Ok guys, it's time for a new build. The machine will serve two purposes:
- Primary: Video editing
- Secondary: Gaming - run anything maxxed out - @ 1080p / 1440p

Basic concept is:
- slightly overclocked CPU and Ram (XMP @ 2400/2666?)
- spacious case with a decent cooling solution(s)
- space for 2x3.5 HDDs and 5x2.5 SSDs
- Single Graphics (with potential to increase to SLI x2 in the future if
needed)
- I would also like to use Intel for this build

So after a few days of research I came up with the following spec:
- Corsair Carbide-series-air-540 (towers simply don't cut it for me)
- Corsair HX850i Full Modular 850W 80+ Platinum
- MSI X99A GAMING 7 LGA2011-3
- Corsair Vengeance Lpx Red 32gb x4 2400 mhz CL14 (would 2666 be better?,
is there dependency CPU/overclocking-wise?)
- Intel i7-5820K
- Cooling: Corsair h110 280mm + whatever is included with the case
- Nvidia EVGA GTX980 Ti Hybrid (with the additional water cooling radiator
bit, plenty of space in this case so why not)
- NZXT Mesh Fan controller (no need for high fan speeds when PC is not
doing anything)

What do you think? Anything you would change?


----------



## TomPG (Nov 20, 2015)

*First of all; that motherboard has five 4-pin fan headers, with splitter cables you can have heck load of fans in there. You don't need a fan controller.

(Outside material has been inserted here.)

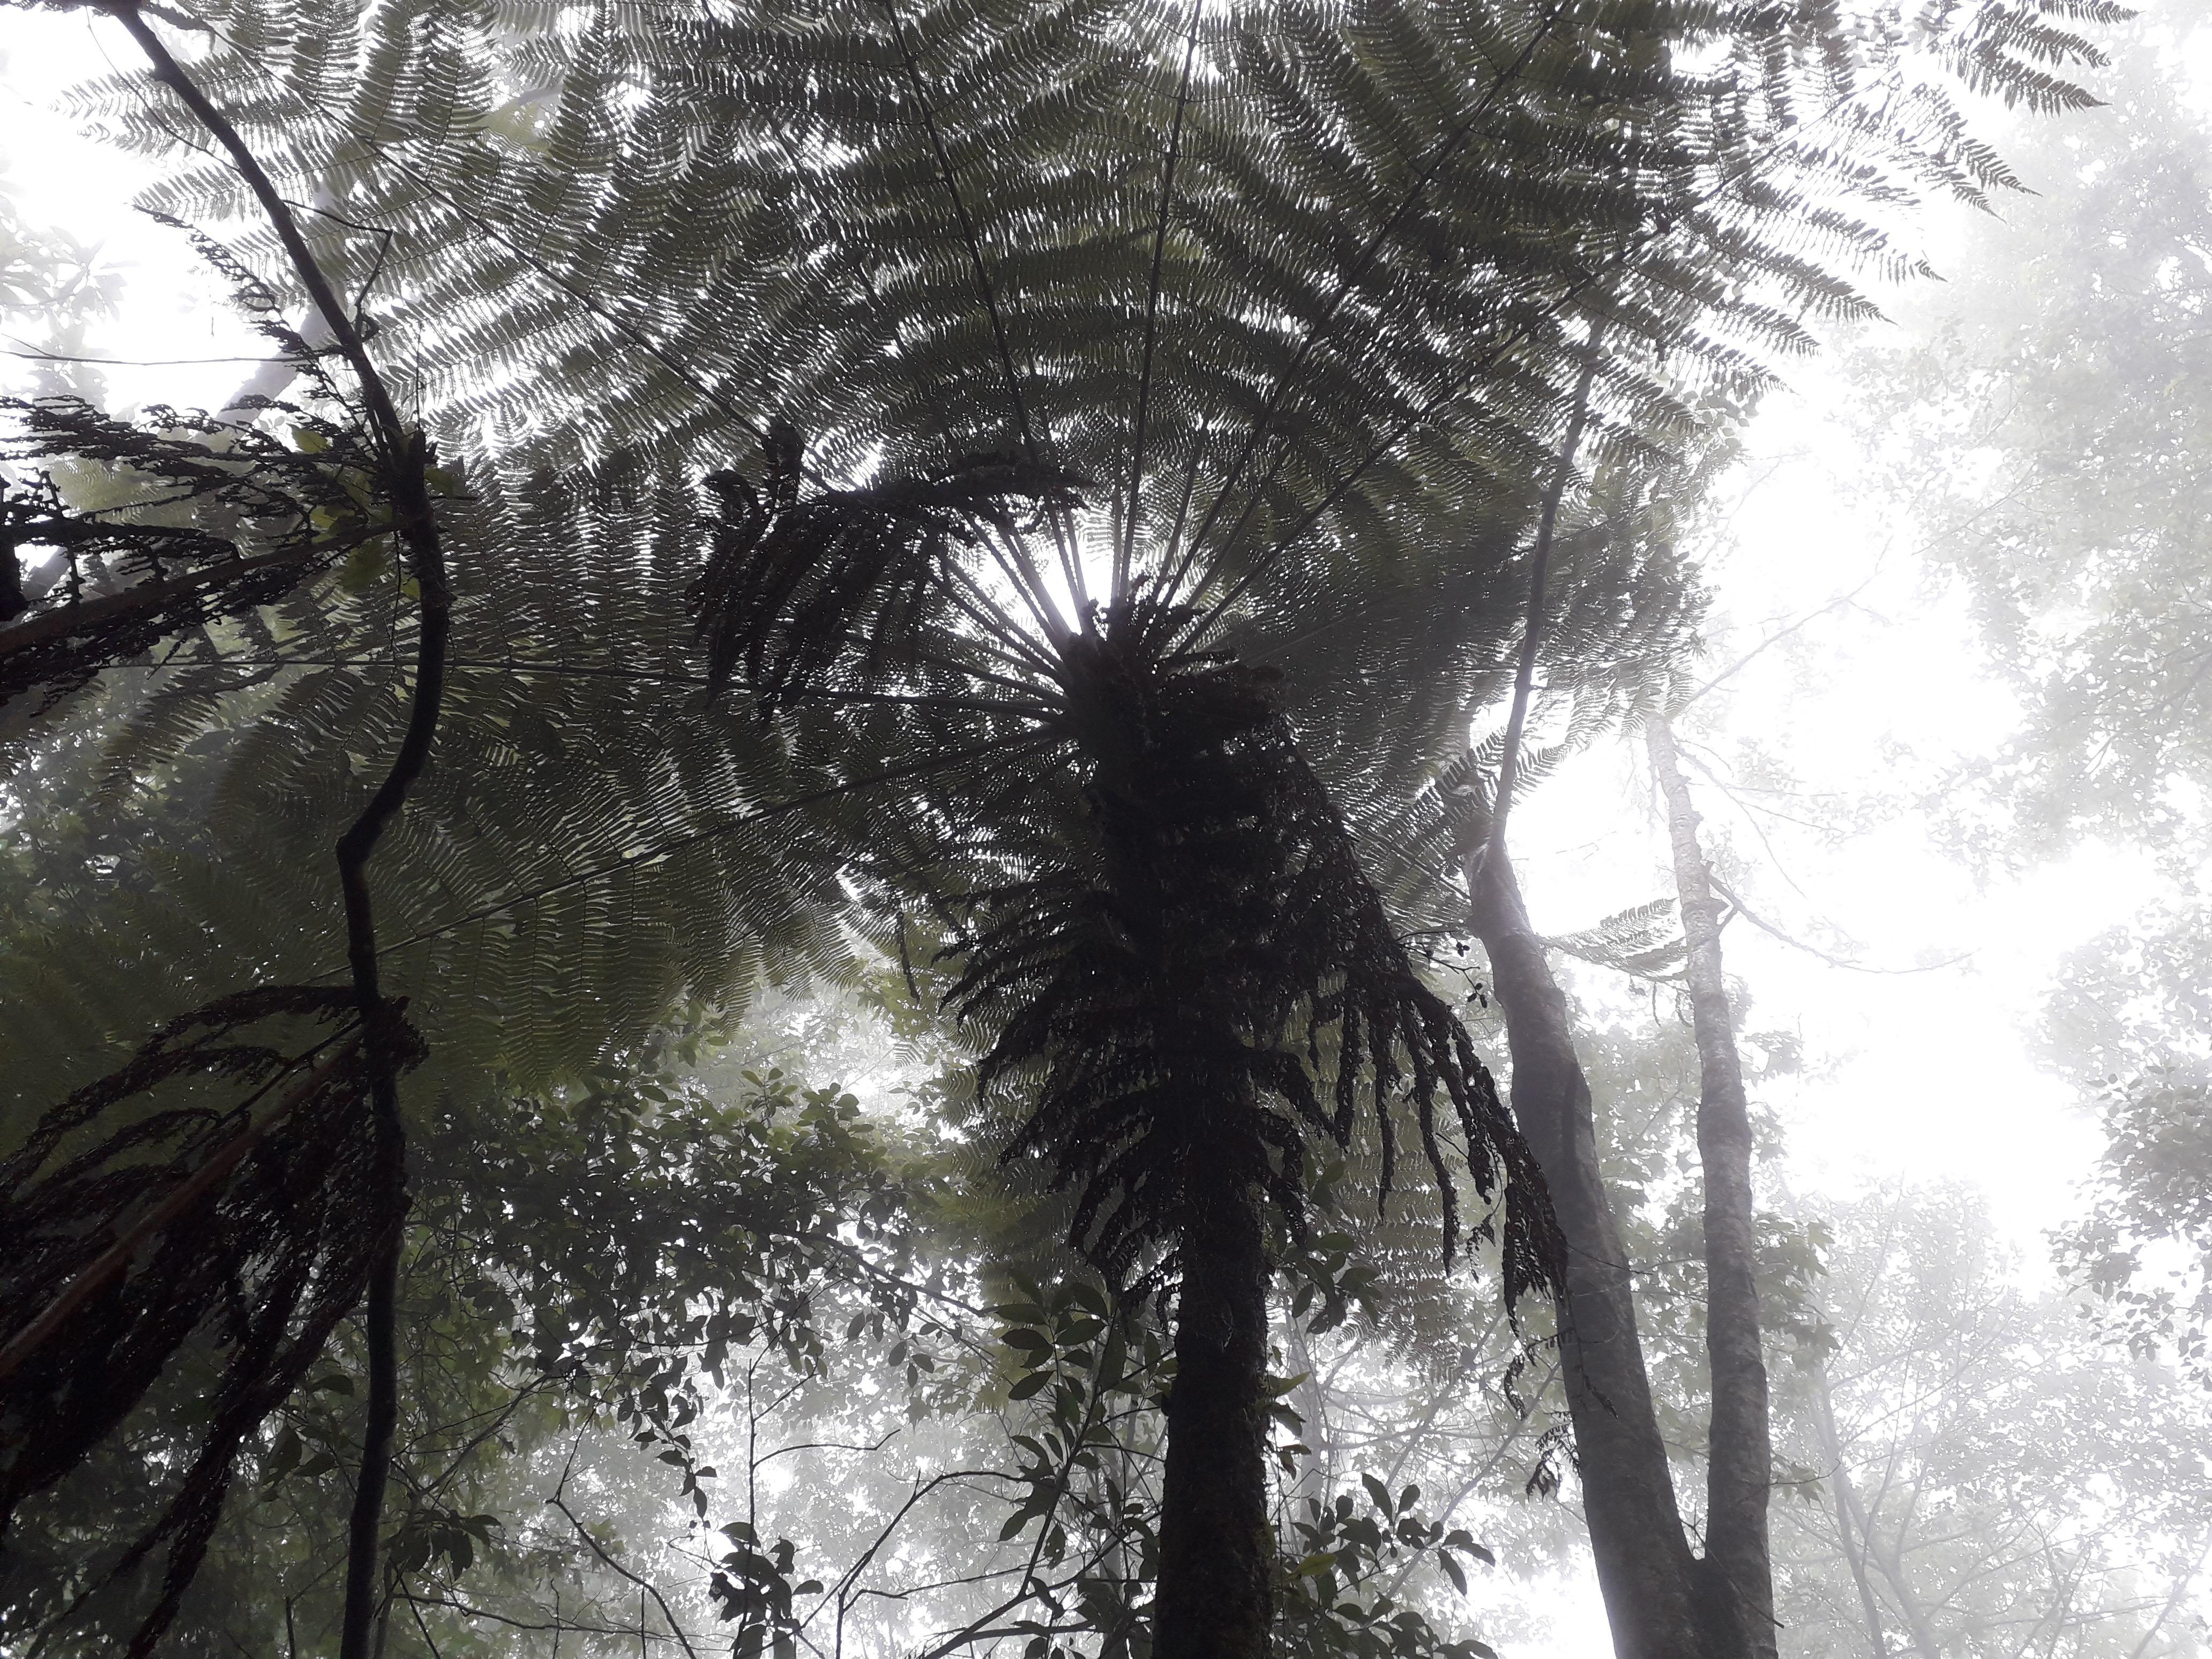 Bosque de niebla secundario, Veracruz, México

If you swap the PSU for a XFX, Seasonic or Antec unit, it'll go down a lot better. Also if you're thinking about going SLI in the future, you'll want a bit more power than that.

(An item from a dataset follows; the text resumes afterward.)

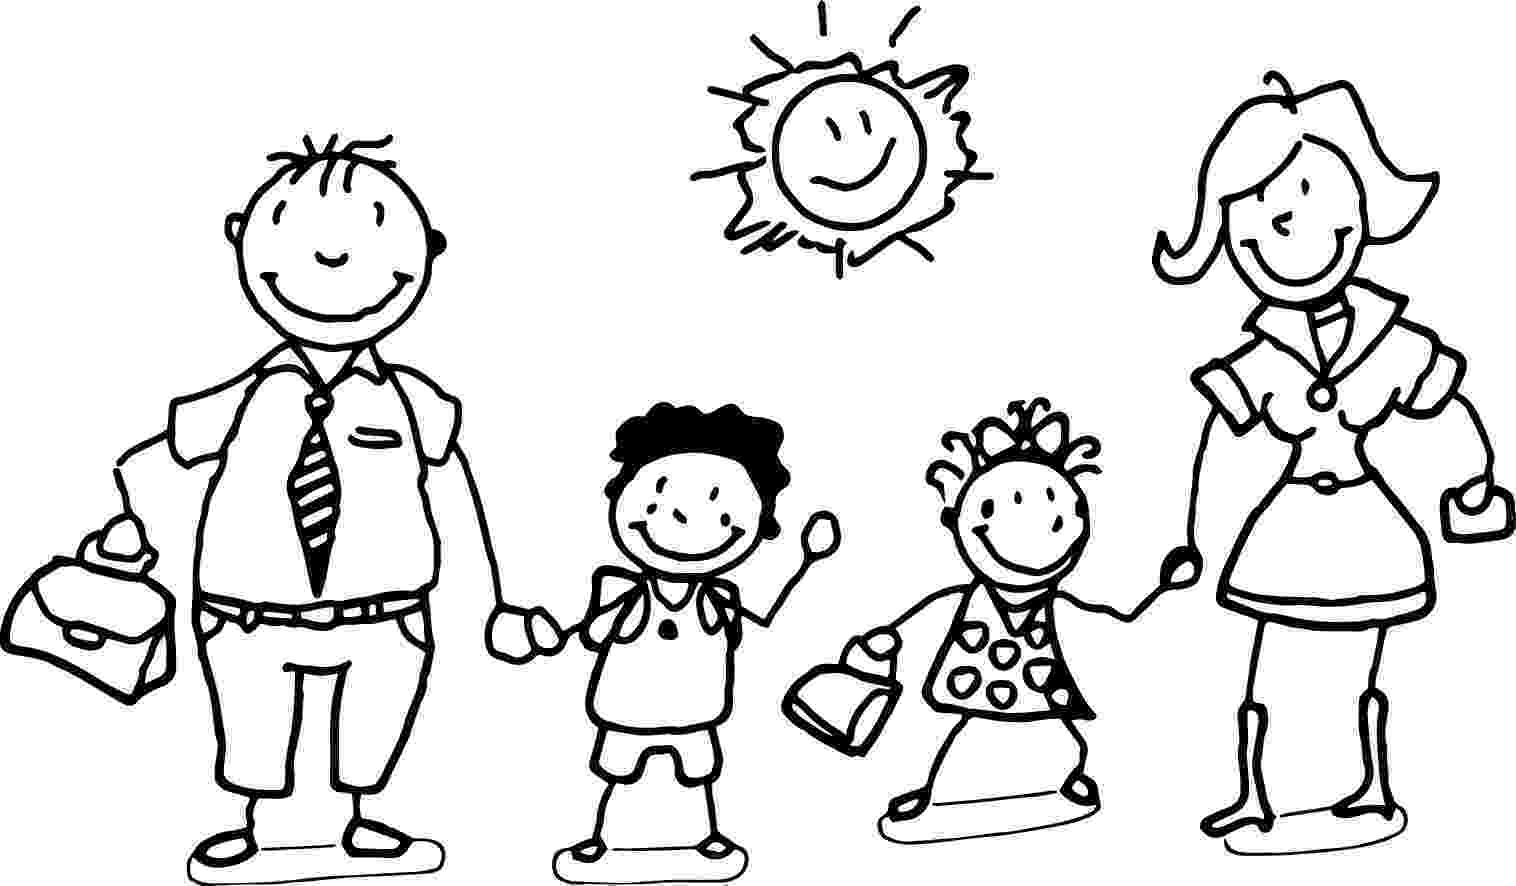 family coloring pages family coloring pages coloring pages to download and print coloring pages family

To address the cooling as a whole; depending on how the fans on the H110 and 980Ti Hyrbid are configured, you could be blowing an awful lot of hot air into a very small case. You'll need a few fans to counteract that. 
If you had two intakes on the front, mounted the 980Ti Hybrid's radiator on the rear fan mount in exhaust, and the H110 on the top in exhaust as well, that wouldn't be so bad.

I'm not going to comment on the storage, I'm sure you have a valid reason why you need 5 SSDs, but I never had. (But I don't do too much video editing either)


*


----------



## Masterchiefxx17 (Feb 27, 2010)

This is quite overkill, you don't need this much power.

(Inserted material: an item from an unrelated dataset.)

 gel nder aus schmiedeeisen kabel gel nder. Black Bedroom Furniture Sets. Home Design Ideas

I would recommend changing the PSU as well. You'll want something reliable for this system.

Why five SSDs?

How much are you looking to spend total?


----------



## jerry486 (Jan 5, 2012)

Tom, Masterchief - many thanks for your replies.

1. Cooling - I agree, the front would serve as intake (2-3 fans, ensuring
enough air is being sucked into the case), and the h110 + graphics hybrid
cooler would serve as exhausts.

2. PSU wise, how much power would you recommend (if I was to run SLI x2 in
the future)? Any specific model you can recommend?

3. Drives.

First of all I have a few lying around so why not utilise them?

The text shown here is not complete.